Hey fellas. Ran into this error last night, finally resolved. I've seen dozens of posts on this same issue with no answers. Please feel free to post on any forum you like. Note that I'm an EMC storage guy, the ESX side of the house is not my realm.
We had guests (59) "Freeze" for 5-10 seconds.
VMkernel:
Aug 6 09:56:43 pdvesx12 vmkernel: 79:18:38:56.771 cpu12:1229)SCSI: 638: Queue for device vml.02000000006006016093f02100ec41893fa943de11524149442035 is being blocked to check for hung SP.
Aug 6 09:56:52 pdvesx12 vmkernel: 79:18:39:05.585 cpu15:1482)<4>lpfc0:0754:FPe:SCSI timeout Data: xc6aa280 x98 x29157be0 xec
win2k3sp1 guests:
The device, \Device\Scsi\symmpi1, is not ready for access yet.
Linux Guests:
Aug 5 15:44:30 pdlnetnag01 kernel: sd 0:0:0:0: SCSI error: return code = 0x00000008
Aug 5 15:44:30 pdlnetnag01 nagios: Error: Unable to create temp file for writing status data!

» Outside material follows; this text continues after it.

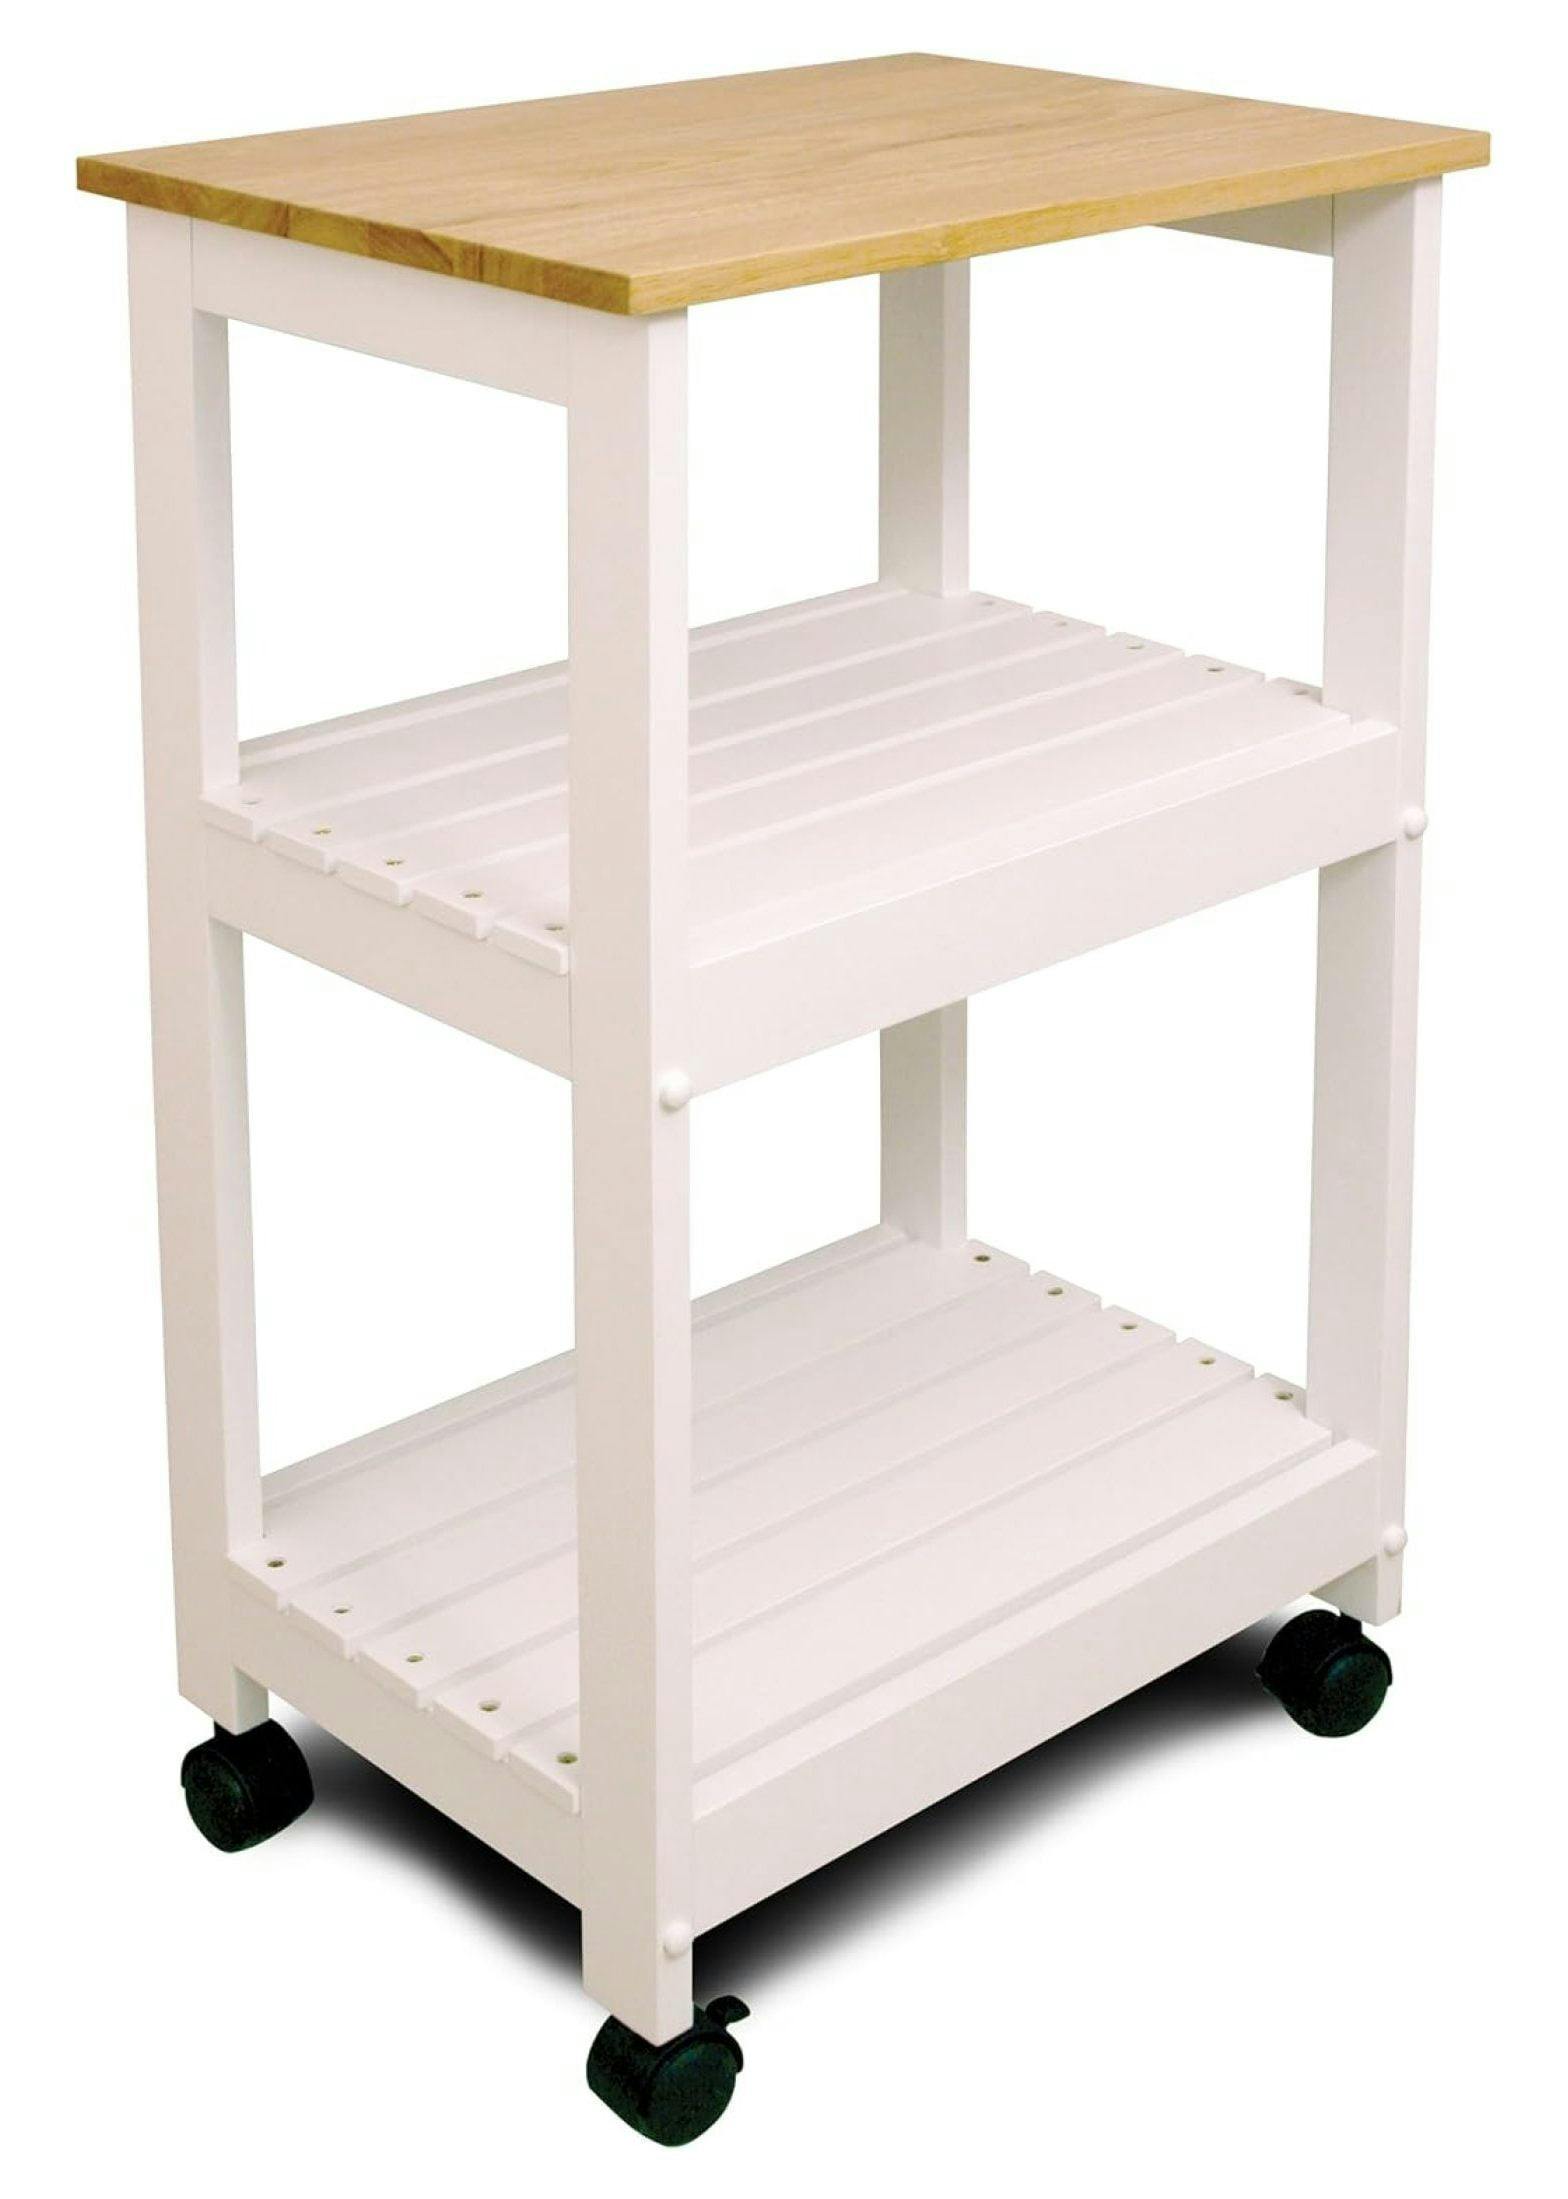 Traditional White and Natural Rubberwood Kitchen Cart with Storage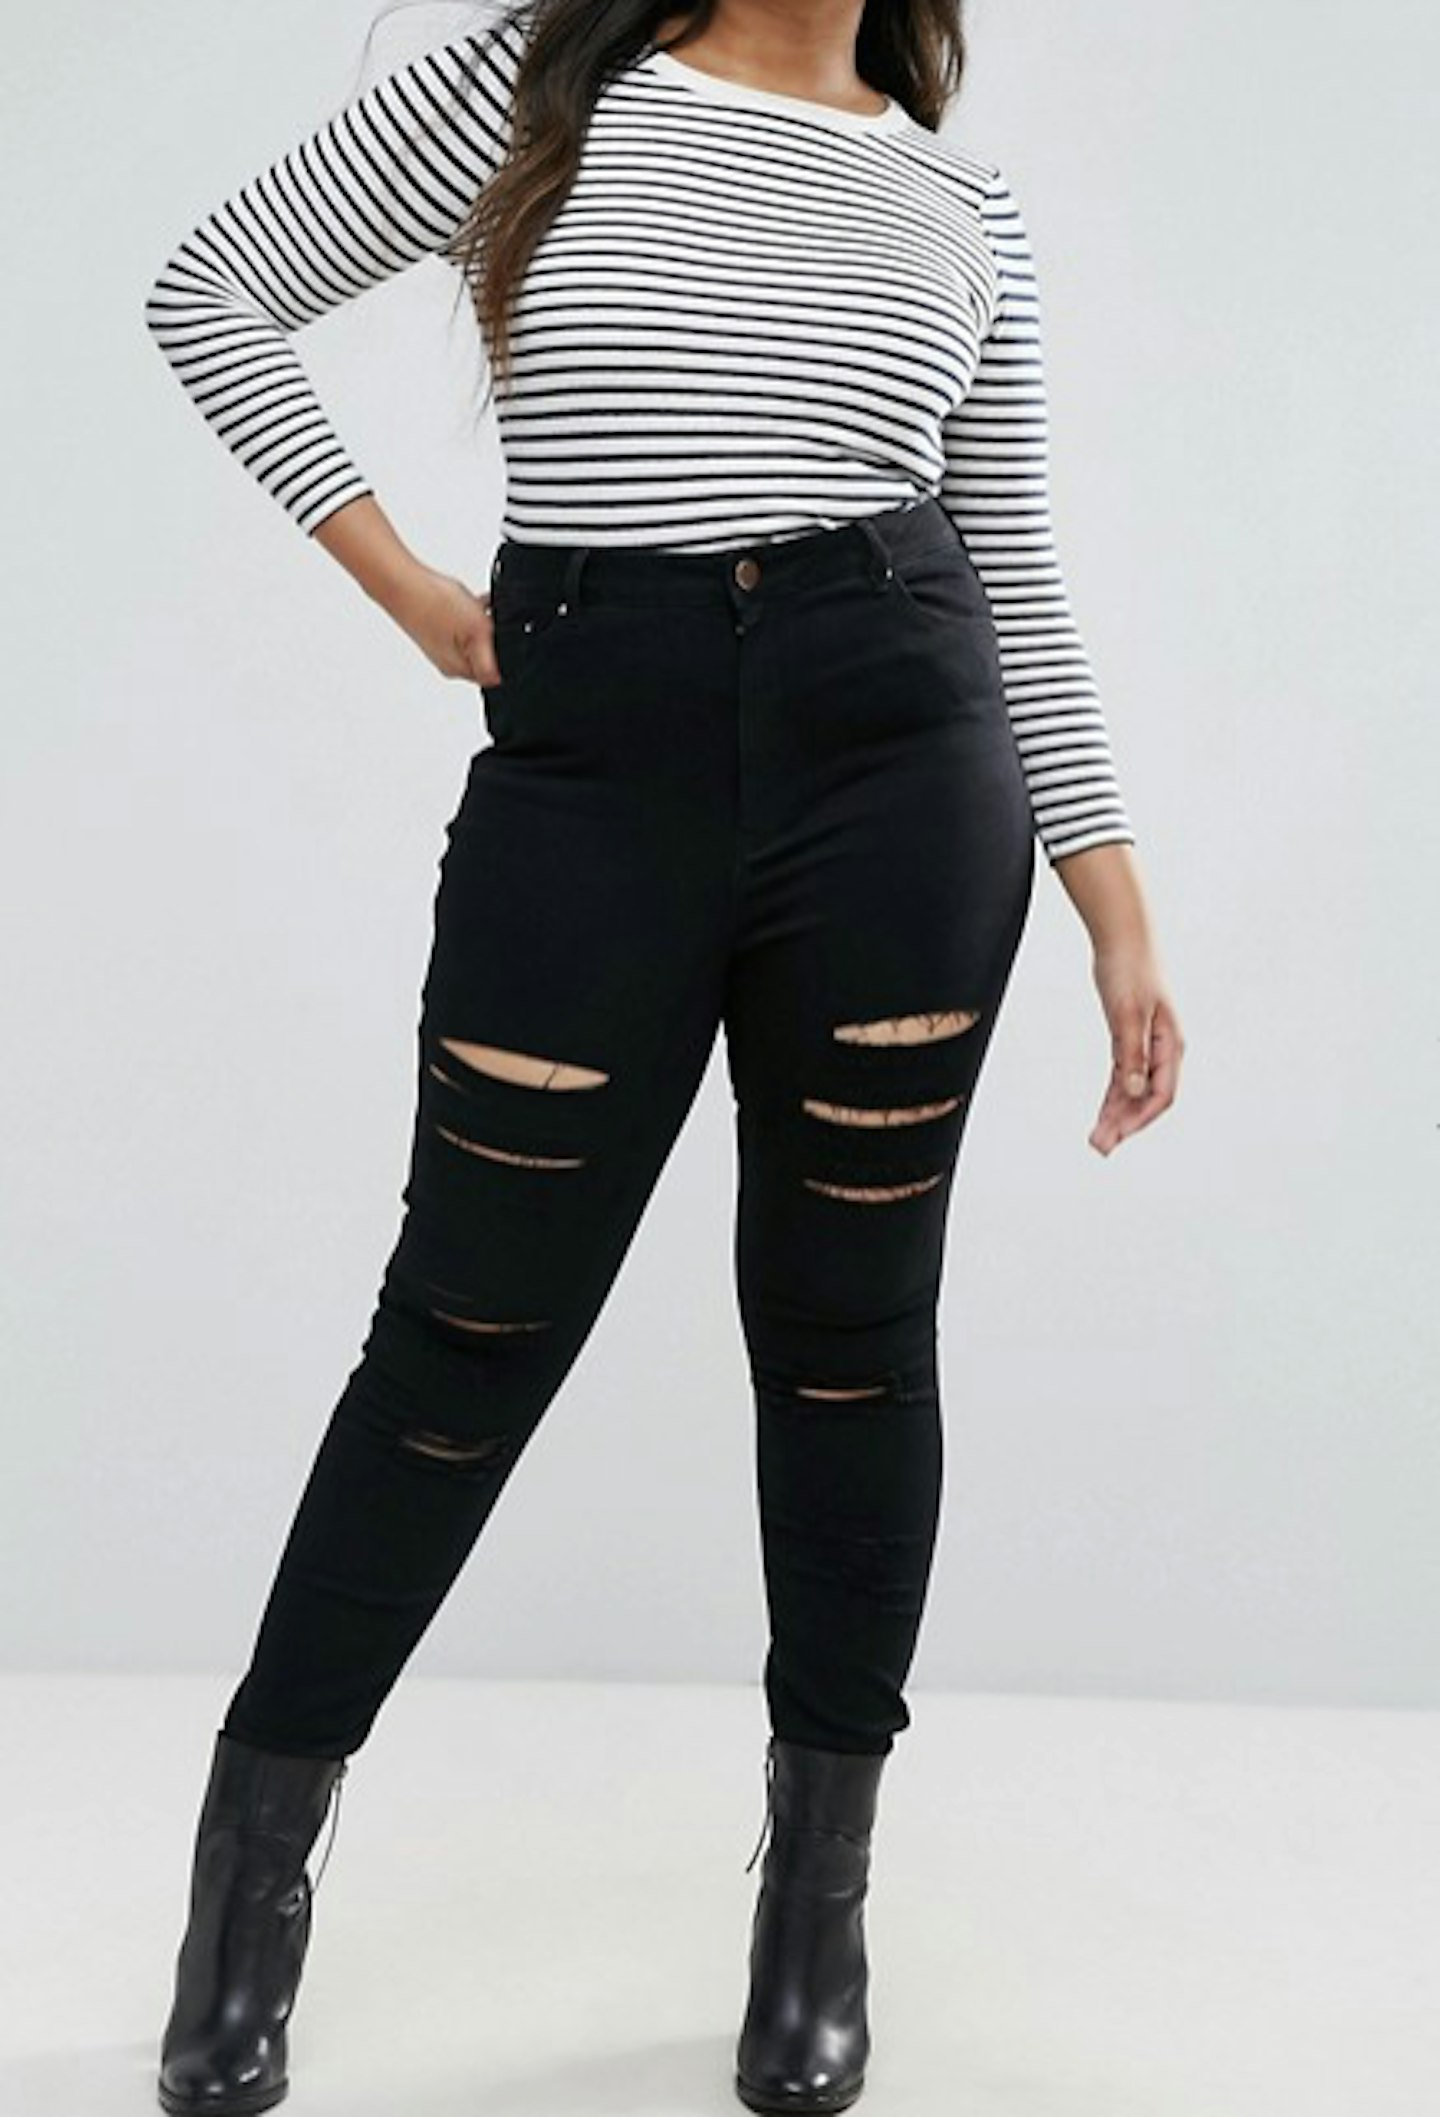 jeans trend ripped black

Aug 5 15:44:30 pdlnetnag01 kernel: ReiserFS: dm-1: warning: clm-6006: writing inode 110849 on readonly FS
3 Node ESX cluster after massive log review, switch dumps, grabs, and webex the answer is,,,,,,
One fiber cable was not fully seated in the switch.
I'm posting this so no one else has to make a 10 hour run at something so simple, yet it trashed an entire 3 node cluster. Switch port errors were still generating after Maint. mode, so that's a good way to check.